- Causal agents: Ashbya gossypii, Eremothecium coryli, Aureobasidium pullulans
- Hosts: cotton, soybean, pecan, pomegranate, citrus, pistachio
- Vectors: hemipteran insects of the families Pentatomidae and Coreidae
- EPPO Code: NMATGO
- Distribution: Greece, Iran, Russia, California

= Stigmatomycosis =

Fungal disease affecting plants

Stigmatomycosis is a fungal disease that occurs in a number of crops, such as cotton, soybean, pecan, pomegranate, citrus, and pistachio. It has been reported on pistachio in Greece, Iran, Russia, and is frequently a problem in California pistachio orchards severely infested by hemipteran insects. In a 1989 survey in California, fruit with stigmatomycosis were found in 90% of samples collected from late June to mid-September and from all growing areas.

== Symptoms ==
Stigmatomycosis is characterized by a wet, smelly, rancid, slimy kernel. Kernels with stigmatomycosis can be 1) small, dark green and partially developed with a brown funiculus, 2) well-developed, dark green and rancid, or 3) full-sized but abnormal, being white or light yellow and jelly-like, with a lobed appearance. In contrast, symptoms of kernel necrosis, which is caused by large hemipterans, are dry, punky, brown areas in the kernel. Sometimes, kernel necrosis and stigmatomycosis symptoms can be present in the same fruit.

== Causal organisms ==
Stigmatomycosis is caused by the filamentous fungi Ashbya gossypii, Eremothecium coryli (syn. Nematospora coryli), and Aureobasidium pullulans. All of them belong to the phylum of ascomycetes

== Disease cycle and epidemiology ==
The fungi causing stigmatomycosis are associated with hemipteran insects of the stinkbug families Pentatomidae and Coreidae. Hemipterans are common pests in pistachio orchards, and up to ten species have been found in California pistachio orchards.
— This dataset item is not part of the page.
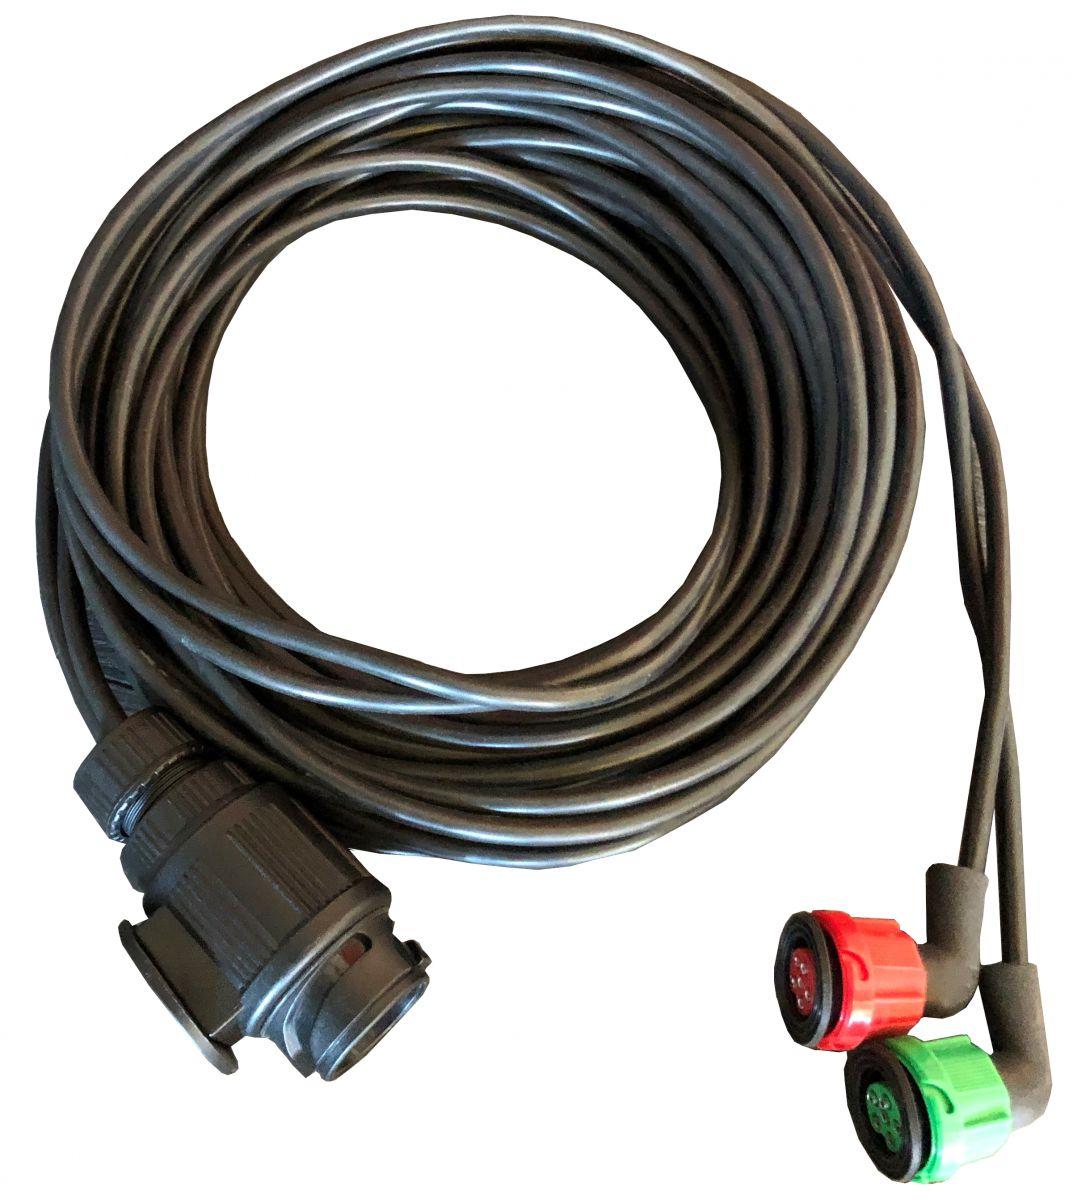 kabelsatz 13 p radex 8m

Three common stinkbug pests, Thyanta pallidovirens (Western red-shouldered stinkbug), Chlorochroa uhleri, Chlorochroa ligata, and a leaffooted bug, Leptoglossus clypealis (Coreidae), experimentally transmitted E. coryli, which caused typical symptoms of stigmatomycosis in pistachio kernels. Symptoms first appear in late June after pistachio shells have hardened, but the disease becomes frequent in July through September, a period that coincides with kernel development. Smaller hemipterans, such as Lygus and Calocoris, may carry but not transmit the pathogens because they are unable to puncture the firm fruit pericarp after the second part of May. Stigmatomycosis and kernel necrosis are worse in orchards irrigated by sprinklers than in those irrigated by drip, microjets, or flood. This suggests either greater humidity requirements for infection, more activity of hemipterans in sprinkler-irrigated orchards, or more abundant pathogen propagules.

== Control ==
Fungicides do not control stigmatomycosis but insecticides reduce hemipteran vector populations and the incidence of stigmatomycosis.